Distillate is highly refined, pure THC oil extracted from low-quality shake, trim, and discarded biomass, with plant terpenes added back in at a later point during the manufacturing process. Sometimes the terpenes are from cannabis, sometimes they are the same terps found in cannabis, but extracted from other botanical sources – for example, adding limonene from lemons instead of actual cannabis plant matter. Although this process does add to the overall flavor, the vaping experience if often lackluster compared live resin, because the terps and THC don’t always synergize as well as they would naturally.
Because all the terpenes are removed, distillate has no taste and is not the proper consistency for vaping. While adding the terps back will help solve these problems, some low budget, black market brands will often use some other type of chemical cutting agent for both, correcting viscosity and added profits. Common cutting agents include PEGs (polyethylene glycols), glycerin, and MCT oil; and the question of whether or not it’s safe to heat these compounds and smoke them remains a hot-button subject in the vaping community.
To summarize, distillate is like making Everclear and adding beer flavor in later from either natural or artificial sources. Live resin is like craft beer: carefully sourced, properly handled, with flavors and effects unique to each strains profile.
Vaping: Everyone’s Doing It
Over the last decade or so we’ve seen a sharp rise in the number of both adolescents and adults who use vape products, but the transition has been going on for quite some time now. Since the 1960s, the use of traditional cigarettes and tobacco products has decreased by around 68 percent, according to data from the American Lung Association.

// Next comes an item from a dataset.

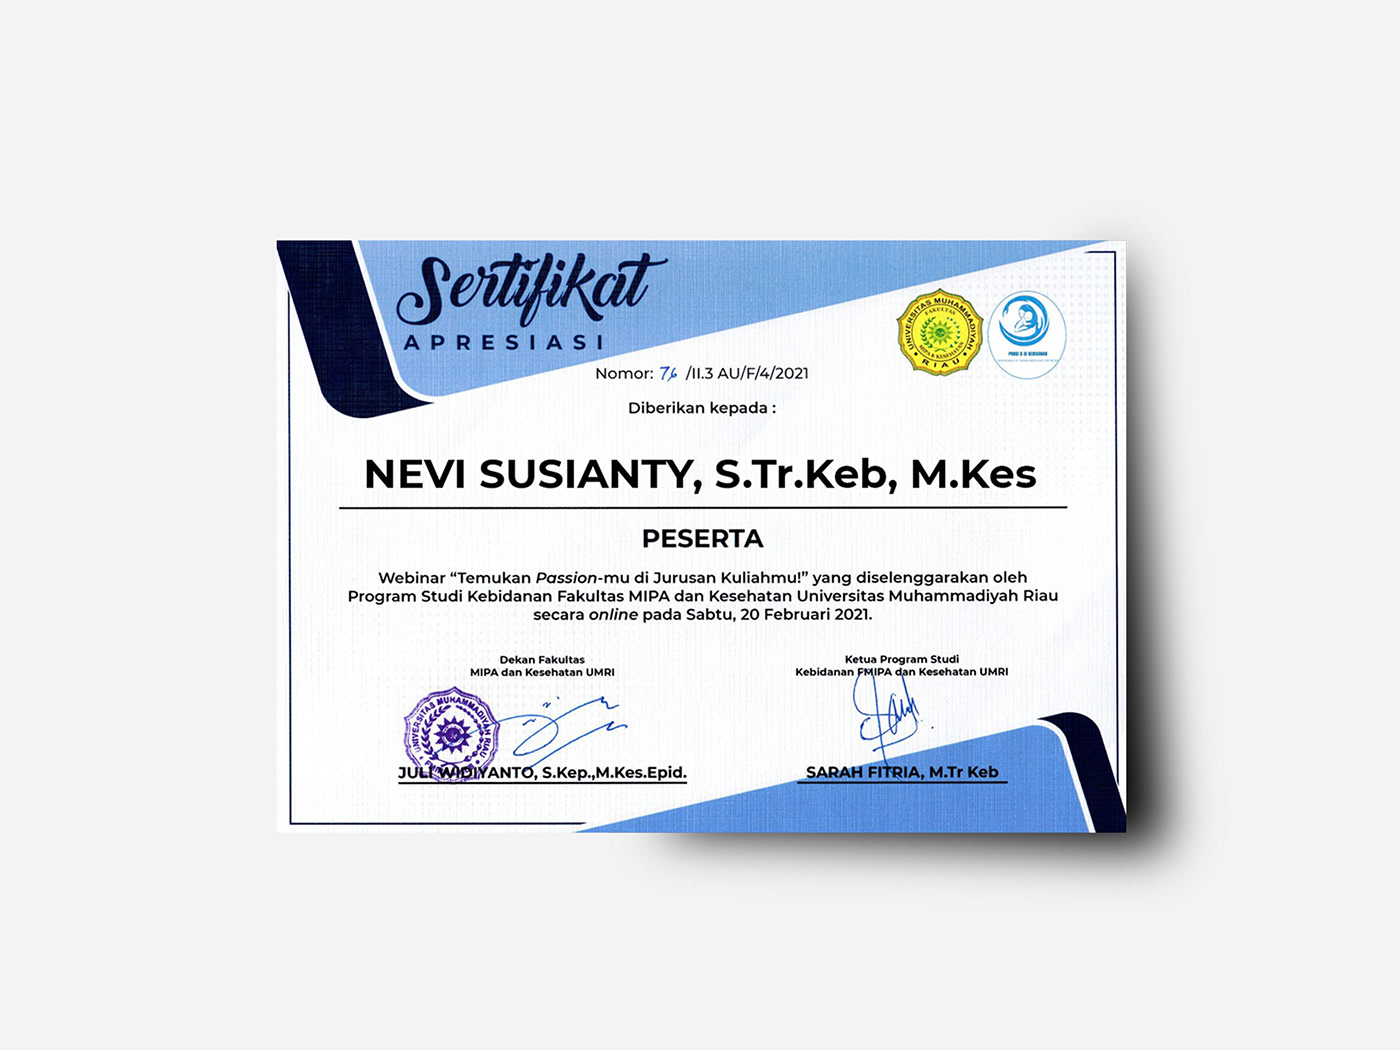 A4 paper a4 size certificate participants Sertifikat webinar

But in dropping the cigs a new product found its way to the retail shelves and eventually our daily lives: e-cigarettes and vape carts. Particularly popular among young adults, we can see that sales of Marlboro, Newport, Camel, and similar brands that almost exclusively sell cigarettes are giving way to JUUL pods, vape pens, and different flavored disposables.
In the United States, roughly 28 percent of high school students and 11 percent of adults report vaping “regularly or occasionally”. Additionally, the FDA conducted a poll of 5 million Americans in 2019, 1 million of which claimed to use these products daily, and 1.6 million use them more than 20 times per month. Results from the Annual National Youth Tobacco Survey | FDA
In the same vein, cannabis vaping is on the rise as well, having doubled between 2013 and 2020. These number show the trend is not restricted simply to tobacco, but to all smokables across the board. I personally still enjoy old-fashioned pot smoking and I always thought I’d be the last person to hop on the vaping bandwagon but even I can’t say no to a top-shelf, live resin cart. They’re discreet, cost-effective, potent, and you still get the amazing flavor of the natural plant terpenes.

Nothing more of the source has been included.